# Big boy Max needs a home 2 1/2yr old. MARYLAND



## chuckh (Nov 20, 2011)

I'm posting this for a friend of the family who has a 2 1/2yr old purebred german shepherd named max who they need to find a home for. The current owners adopted Max from the original owner who purchased him in hopes to have him certified to work with him at the prison. Max failed the training course because he was "not aggressive enough" to be a prison dog and so the original owner decided he had no use for him and gave him to the current owners. The wife runs a day care out of her house and her husband works all day each day away from home and theyve determind its to hard to take proper care of him because of their schedules so their looking for a new home for him. They said as much as they dont want to do it, they are going to give him up within the month if they cant find a home for him.
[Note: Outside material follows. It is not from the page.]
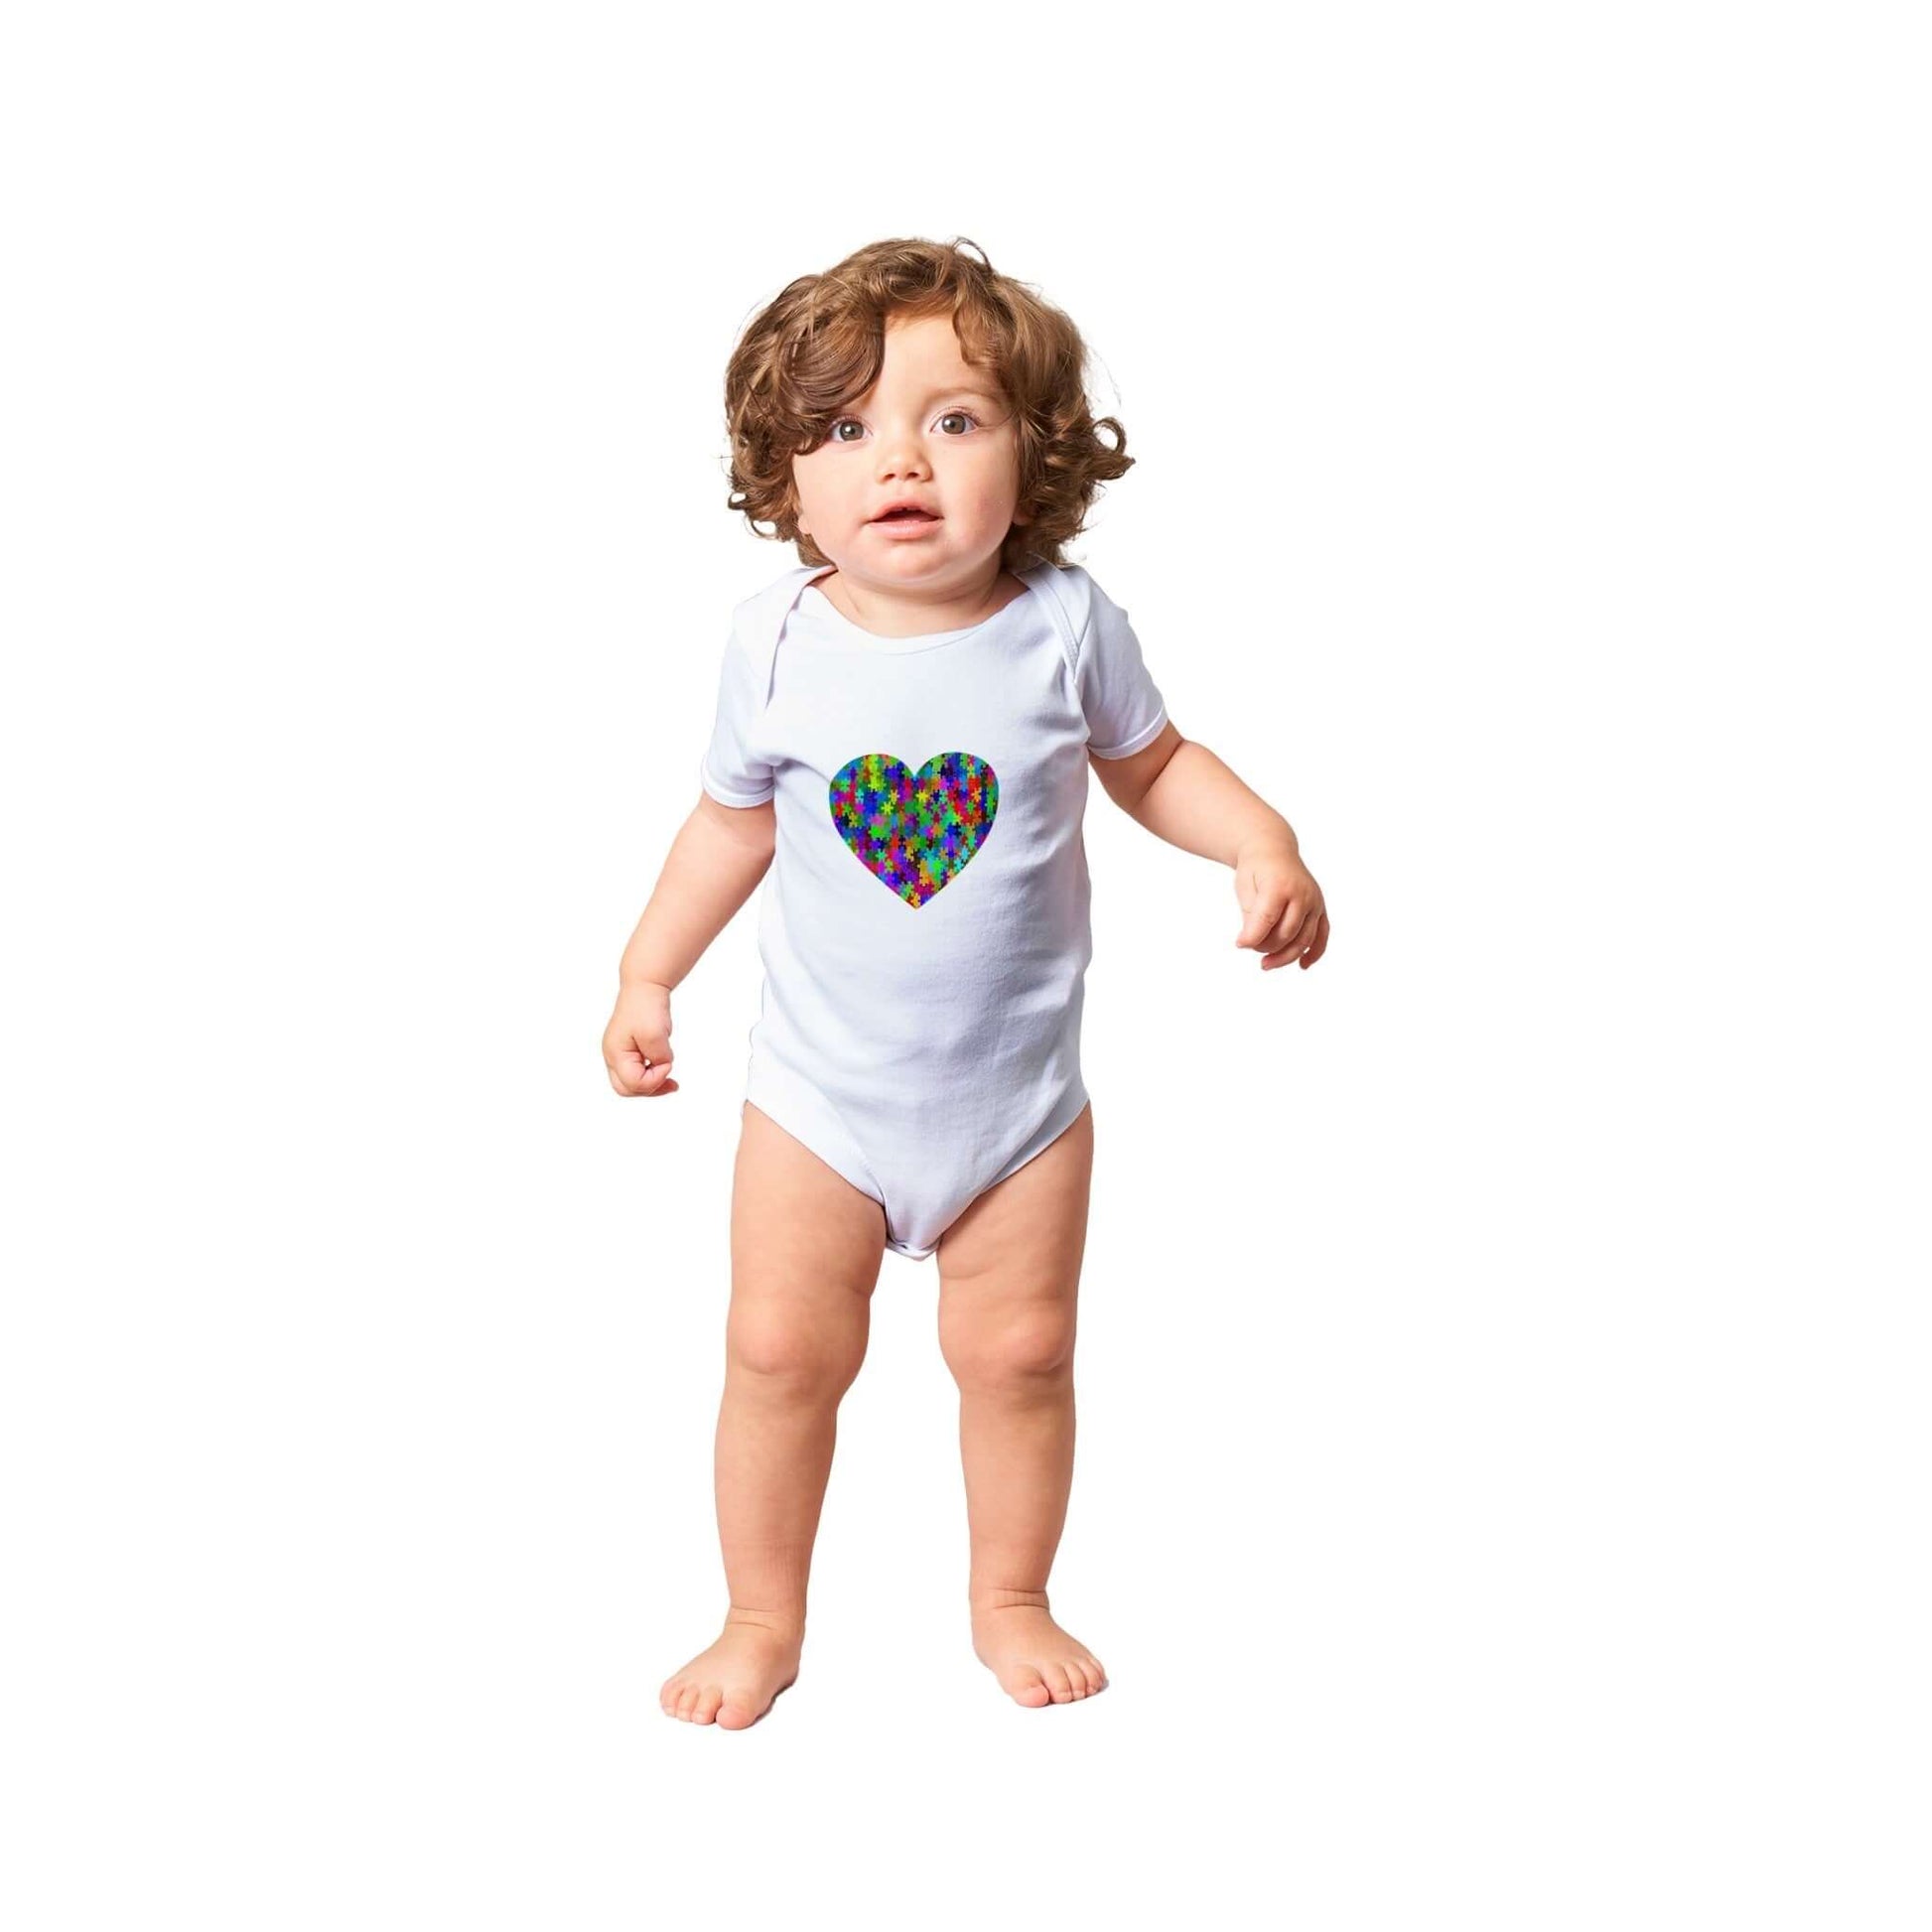 Baby Bodysuit for Big Hearts! - Just Baskets

He's great with kids, adults and does well with other animals also. He also knows a number of commands from him prison training days. I would take him in if I could but its just not possible right now with the puppy and other dogs. They called and told my girlfriend and I about this yesterday so I'm just trying to get the word out quick so he finds a home!



Max is in Smithsburg, MD



Message me if your interested and I'll get you their phone number!


----------



## Stevenzachsmom (Mar 3, 2008)

He is beautiful. I can't imagine someone wouldn't snatch him up.


----------



## chuckh (Nov 20, 2011)

I really hope someone does!


----------



## katgreen (Dec 28, 2011)

Hope he finds a great home!


----------



## Remo (Sep 8, 2004)

I sent you a PM. Our rescue group was contacted by someone looking for a dog as a possible service dog candidate for a very young boy. This dog just might be the ticket.


----------



## Daisy&Lucky's Mom (Apr 24, 2011)

Keeping fingers and Paws crossed for Max to go to his foever home .


----------



## chuckh (Nov 20, 2011)

Well we got in touch with the breeder we got Zeus from and they had some one in mind. So as of yesterday Max found his new home


----------



## Stevenzachsmom (Mar 3, 2008)

Great news for Max!


----------



## JWC (Feb 8, 2012)

*We want MAX!*

Please give me a call I am interested. We have a Belgian Malinois female and she lost her male buddy Nitro to a serious illness. Good home and will provide references. 410-463-2810 

Thanks

Jack


----------



## Stevenzachsmom (Mar 3, 2008)

Jack,

I sent you a PM. I believe this dog has been adopted. I sent you a link to an 8 month old GSD puppy at the Montgomery County Humane Society. It is a male. Thought you might be interested.


----------



## JWC (Feb 8, 2012)

Thank you! I am new to this thread, did you email that link?


----------



## Stevenzachsmom (Mar 3, 2008)

Jack, I did send you a PM, but I don't think the link works. Last I checked, the puppy still appeared on the website. That may not be UTD. You could call the shelter to check. Google the Montgomery County Humane Society in Rockville, MD.

Most rescues also courtesy post owner surrenders, so you might want to watch out for those too. Always great GSDs looking for homes.

Good luck!


----------



## Stevenzachsmom (Mar 3, 2008)

Male German Shepherd

Just saw this GSD on Baltimore Craigslist.


----------



## shilohsmom (Jul 14, 2003)

Stevenzachsmom said:


> Male German Shepherd
> 
> Just saw this GSD on Baltimore Craigslist.


I don't think this is the same dog.


----------



## Stevenzachsmom (Mar 3, 2008)

LOL! No Rosa. That isn't the same dog. Max was already rehomed and the new poster came in late interested in him. He is in Maryland too, so I was trying to point him in the direction of some local GSDs I seen that needed homes. 

Sorry for the confusion.
Jan


----------